Orascom Development Egypt (ODE) (EGX: ORHD.CA) has released its consolidated results for Q4 2024.

ODE Delivers Exceptional Financial Results in FY 2024: Real estate sales reached a record EGP 32.5 billion, a 67% increase. Revenues experienced a substantial surge of 42%, amounting to EGP 21.8 billion, while net profit stood at EGP 3.4 billion, reflecting 10.5% growth despite being impacted by FX losses of EGP 1.8 billion.

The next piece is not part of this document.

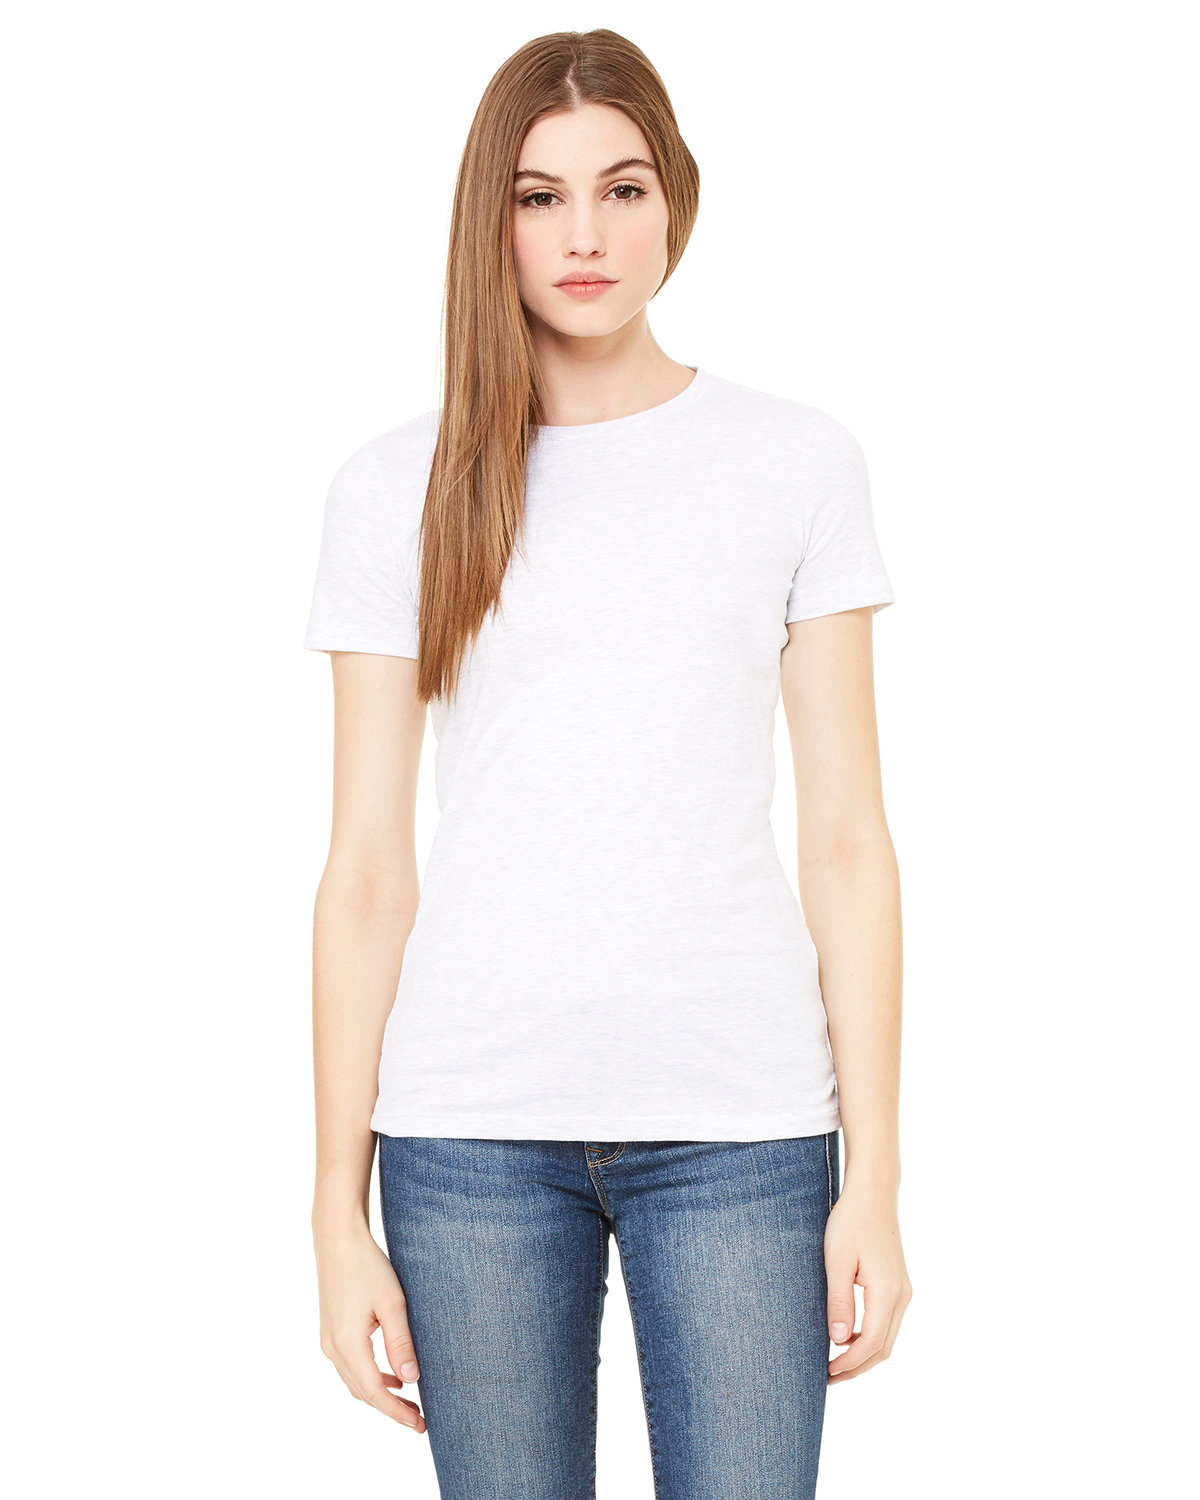 Bella + Canvas Ladies' The Favorite T-Shirt WHITE 
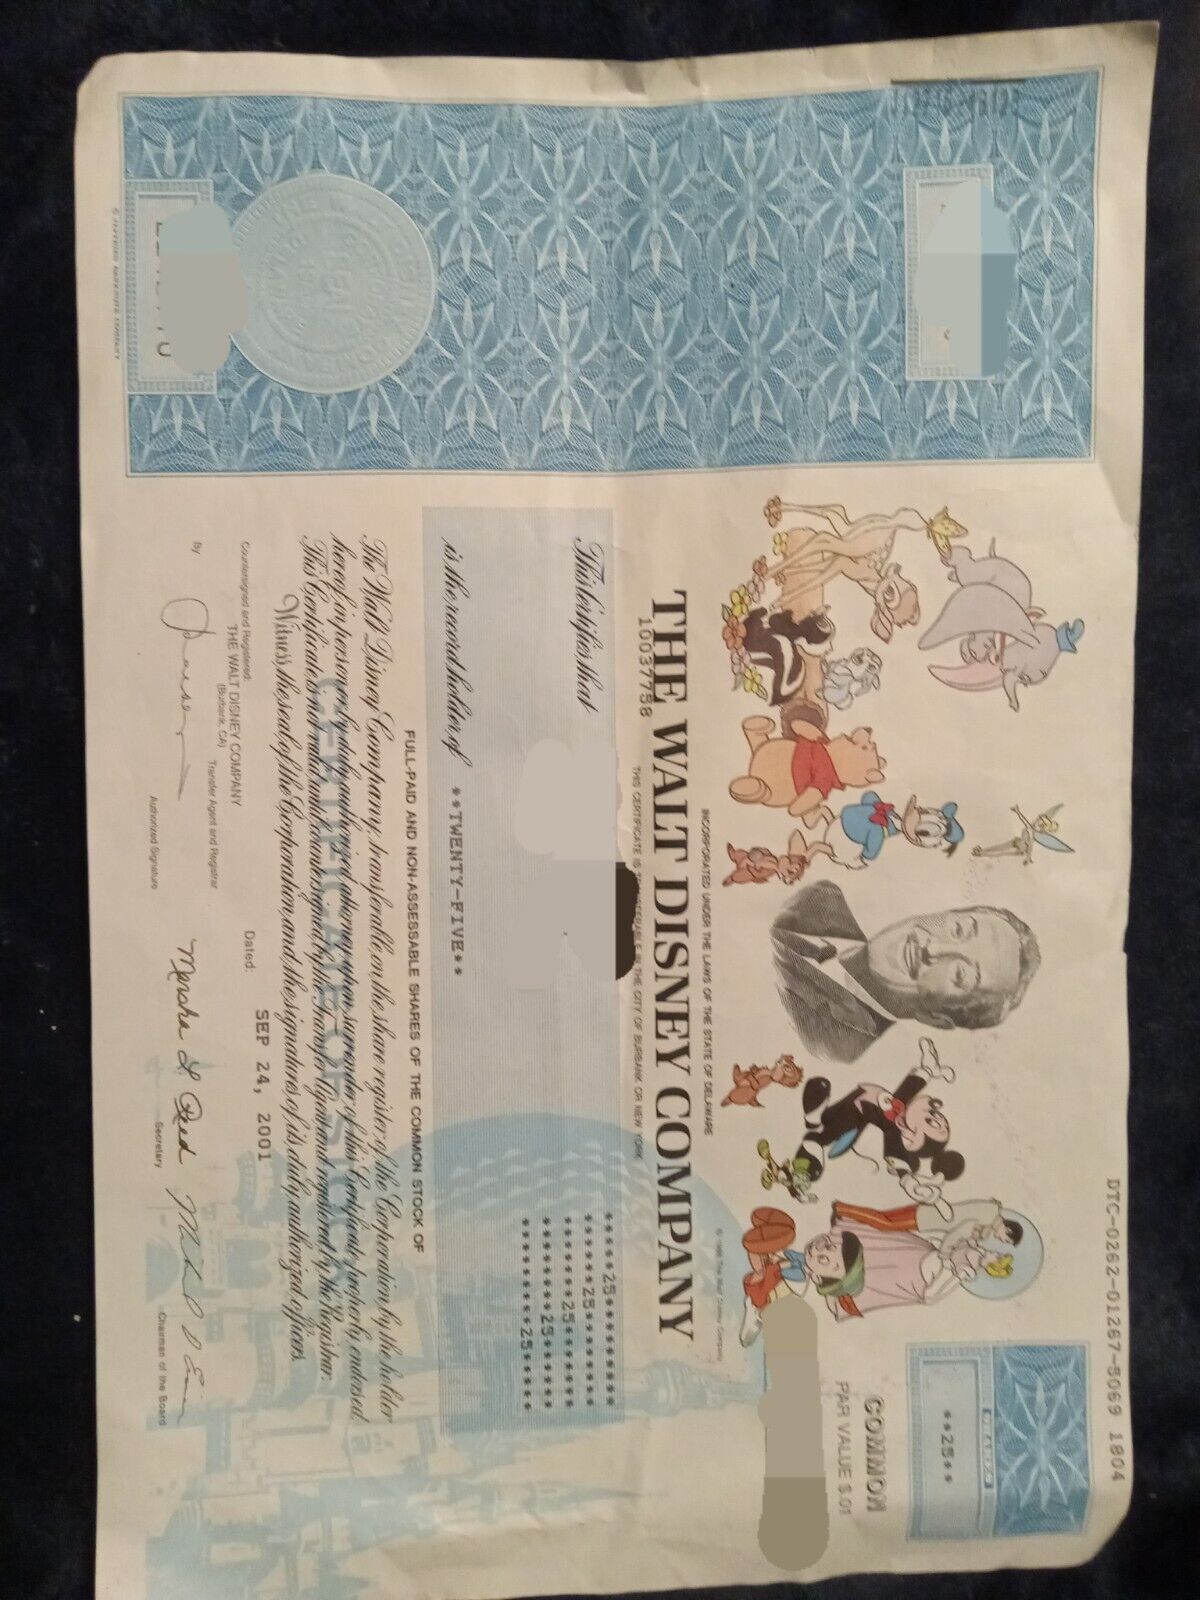 The Walt Disney Certificate

Key Highlights of Q4 2024 vs. Q4 2023

 Total revenues increased by 27.4% to EGP 6.3 billion.
 Adj. EBITDA elevated by 50.0% to EGP 2.7 billion with a margin of 42.4%, showcasing our operational excellence.
 Net profit increased by 11.6% to EGP 1.2 billion.
 Net real estate sales rose by 46.8% to EGP 9.3 billion.
 Sold a 110,000 sqm land parcel to Hassan Allam Properties for USD 34.7 million (USD 341/sqm).
 Sold a 26,532 sqm land plot at the back end of El Gouna, an extension to the land previously sold during 1H 2024. The total transaction value for this land amounts to c. EGP 370 million (USD 274/sqm).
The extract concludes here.